La pelle était déjà dans le sol. La décision semblait prise depuis des semaines : cet arbre mort au fond du jardin, avec ses branches grises et son écorce qui se détache, prenait de la place pour rien. Jusqu’à ce qu’une racine, à trente centimètres de profondeur, révèle quelque chose d’inattendu, des filaments blancs, fins comme des fils de soie, courant d’une racine à l’autre. Un réseau. Vivant. Ce qu’il restait de cet arbre nourrissait encore les plantes voisines.
Ce moment d’hésitation, la pelle plantée dans la terre, les yeux fixés sur ces filaments — est en fait une invitation à regarder autrement ce qui se passe sous nos pieds.
À retenir
- Des filaments blancs invisibles en surface transforment votre jardin en réseau vivant
- Un arbre mourant redistribue ses réserves à ses voisins par le sol avant de disparaître
- Arracher un arbre mort coupe un nœud essentiel dont dépendent des dizaines d’autres plantes
Le testament souterrain d’un arbre mourant
Les arbres communiquent principalement par le biais de leur réseau racinaire, en particulier grâce aux mycorhizes, ces champignons qui forment un réseau souterrain étendu de filaments appelés hyphes, s’étendant entre les racines des arbres et parfois entre différentes espèces. Ces filaments blancs que vous avez sous les yeux en déterrant ce cerisier mort, c’est exactement ça.
La relation fonctionne sur le mode du troc : les arbres nourrissent les champignons avec du sucre produit grâce à la photosynthèse, et en retour, les champignons facilitent l’accès à des minéraux et à l’eau. Un échange permanent, silencieux, dont on ne se doute pas quand on jardine en surface.

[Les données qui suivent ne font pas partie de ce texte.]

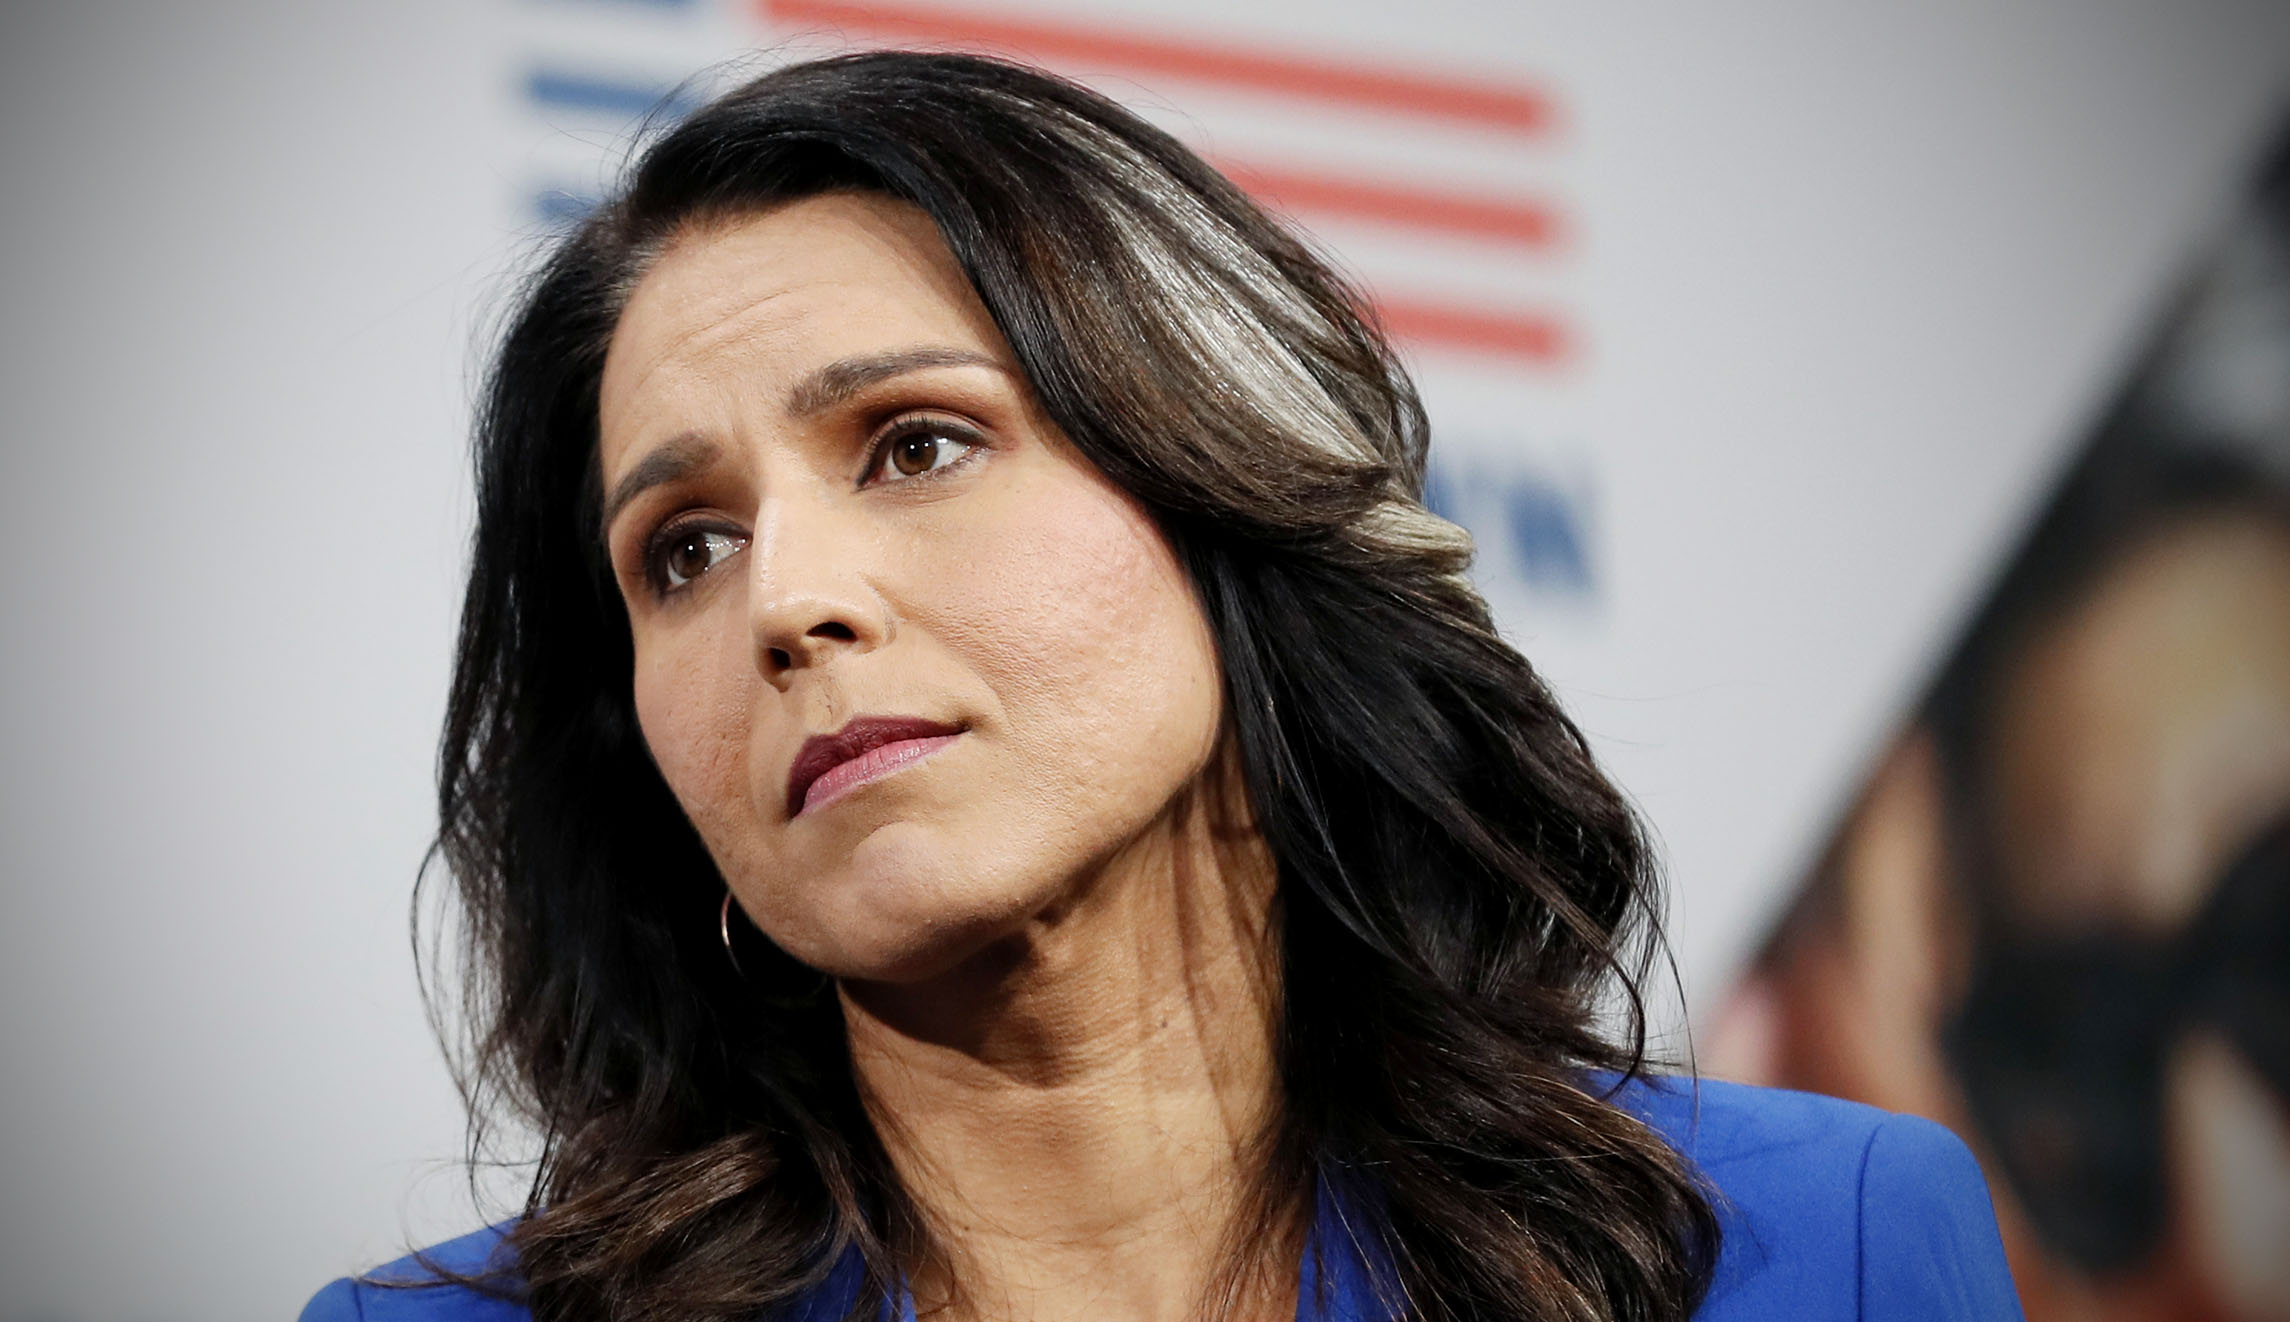 Democratic presidential candidate Rep. Tulsi Gabbard appears at an event.

Mais ce qui se passe au moment de la mort d’un arbre est encore plus frappant. Un arbre mourant cesse progressivement d’utiliser ses propres réserves pour sa croissance, ses puits carbonés internes s’effondrent. Le carbone qu’il ne consomme plus suit alors le gradient de pression naturel du réseau fongique vers les voisins encore actifs. votre arbre mort ne s’est pas contenté de mourir : il a redistribué ses ressources avant de partir. Passif dans son trépas, actif dans son legs.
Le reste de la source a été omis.